US navy sends nuclear submarine to Middle East amid soaring Iran tensions
In rare move, Pentagon publishes picture of guided-missile submarine transiting the Suez Canal, says vessel will ‘help ensure regional maritime security and stability’
The US military announced Saturday that it had dispatched a nuclear-powered guided-missile submarine to the Middle East to “help ensure regional maritime security and stability” amid increasing tensions with Iran.
In a rare move, the Pentagon released a picture of the USS Florida, an Ohio-class submarine, as it transited the Suez Canal on its way to the Persian Gulf. The US usually does not disclose the locations of its submarines while they are at sea.
“It is capable of carrying up to 154 Tomahawk land-attack cruise missiles and is deployed to US 5th Fleet to help ensure regional maritime security and stability,” fleet spokesperson Commander Timothy Hawkins said in a statement.
Hawkins said the submarine entered the region Thursday and began crossing the canal on Friday.
The show of force comes amid heightened tensions with Iran, which continues to harass shipping and attack oil tankers in the area, including several owned by Israelis.
Iran has also stepped up attacks by its proxies on US forces in the region.
Last month, a US contractor was killed and five US service members and one other US contractor were wounded when a drone struck a facility on a coalition base in northeast Syria.
In a statement, the Defense Department said the intelligence community had determined the unmanned aerial vehicle was of Iranian origin.
US Defense Secretary Lloyd Austin said US Central Command forces retaliated with “precision airstrikes” against facilities in eastern Syria used by groups affiliated with Iran’s Islamic Revolutionary Guard Corps.
The Wall Street Journal quoted US officials as saying that they had intelligence that Iran was planning further attacks across the region in the near term.
The 5th Fleet patrols the crucial Strait of Hormuz, the narrow mouth of the Persian Gulf through which 20% of all oil transits. Its region includes the Bab el-Mandeb Strait off Yemen and the Red Sea stretching up to the Suez Canal, the Egyptian waterway linking the Mideast to the Mediterranean Sea.
Tomahawk cruise missiles launched from ships or submarines can hit targets up to 2,500 kilometers (1,500 miles away).
The move also comes with heightened tensions between Israel and Iran amid a general spike in violence in Israel, Lebanon, the West Bank and Gaza.
Israel has allegedly launched a series of airstrikes in Syria in recent weeks, including a strike Tuesday that killed two Iranian military advisers, prompting vows of revenge from Tehran.
“We will avenge the blood of martyrs Milad Heydari and Meqdad Meqdani,” IRGC spokesman Ramazan Sharif vowed, as thousands gathered in central Tehran to mourn them, chanting “down with Israel.”
As a general rule, Israel’s military does not comment on specific strikes in Syria, but it has acknowledged conducting hundreds of sorties against Iran-backed groups attempting to gain a foothold in the country over the last decade.

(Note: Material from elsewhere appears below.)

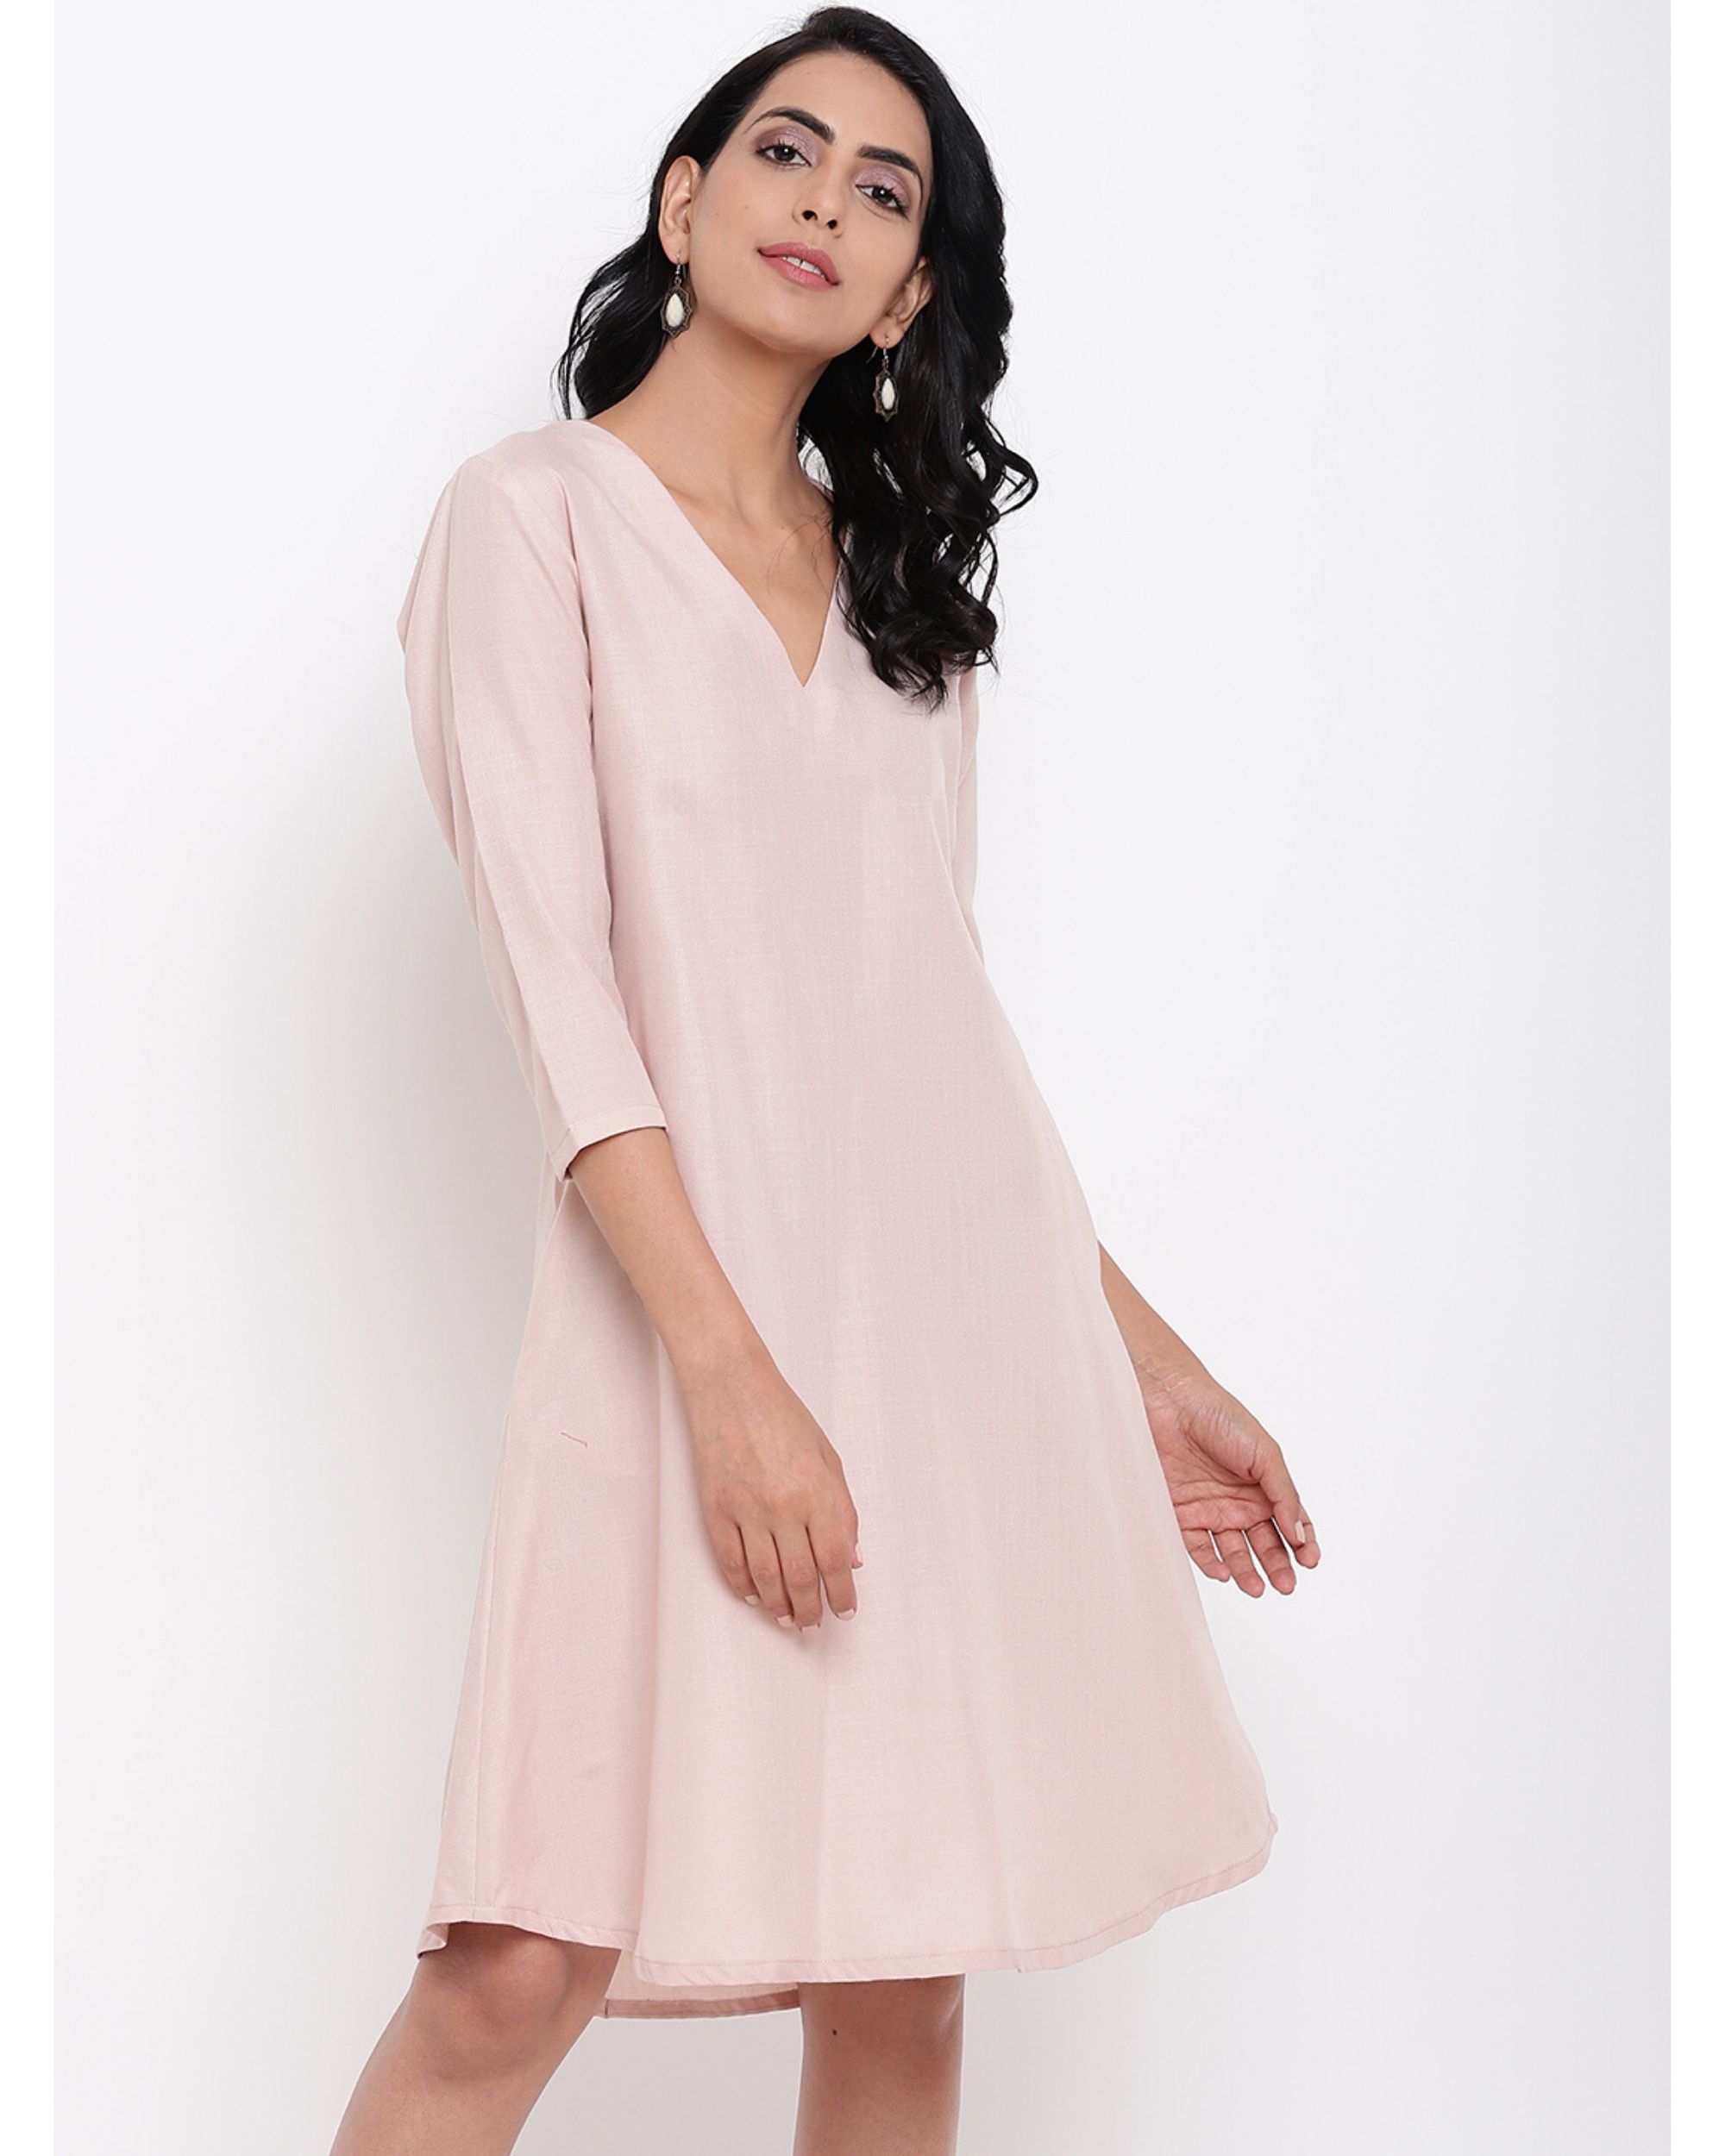 Blush pink cotton linen dress by trueBrowns | The Secret Label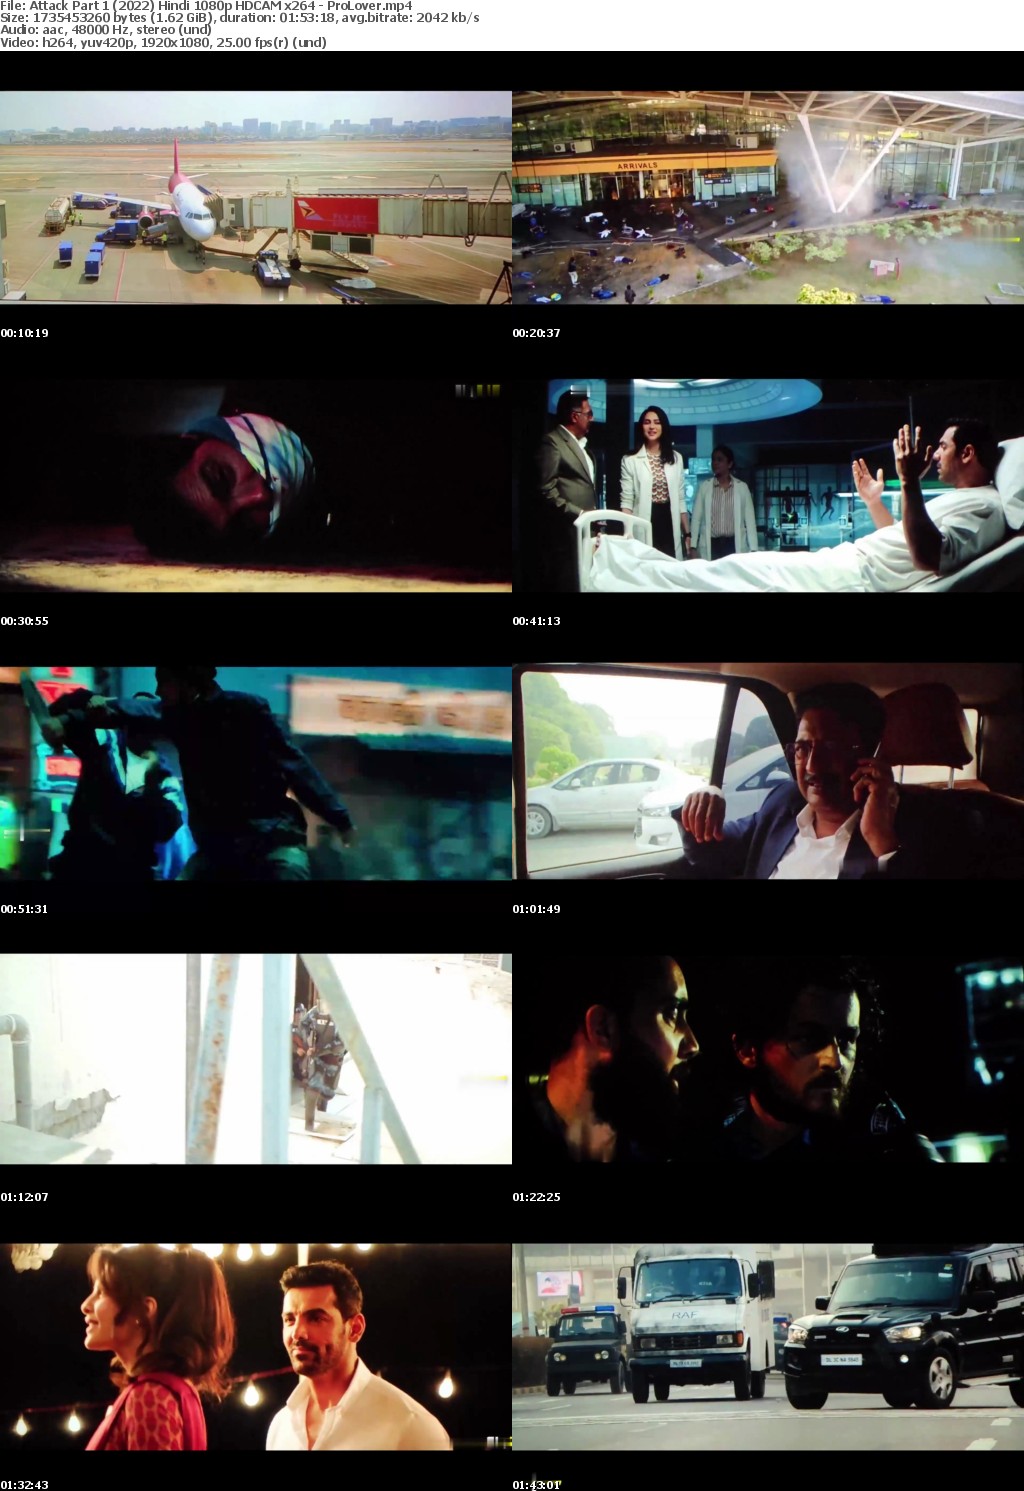 Attack Part 1 (2022) Hindi 1080p HDCAM x264 - ProLover

The IDF says it also attacks arms shipments believed to be bound for those groups, chief among them Hezbollah. Additionally, airstrikes attributed to Israel have repeatedly targeted Syrian air defense systems.
Iran, a key ally of Syrian President Bashar Assad, claims it only deploys military advisers in the conflict-ravaged country.
Iran’s foreign ministry spokesman, Nasser Kanani, accused Israel of bringing “war and insecurity” to the Middle East and of “creating discord in the region.”
Tuesday morning’s strike came a day after the Israeli Air Force said a drone downed in Israeli airspace was suspected to be Iranian.
The escalation of attacks comes after what appears to be a rare bombing in Megiddo by an armed man who infiltrated from Lebanon into Israel.
While many details of the investigation into the Megiddo bombing are barred from publication, the Haaretz news site cited speculation that the series of airstrikes on Iranian targets in Syria could indicate that the IRGC was involved in the latest security incidents.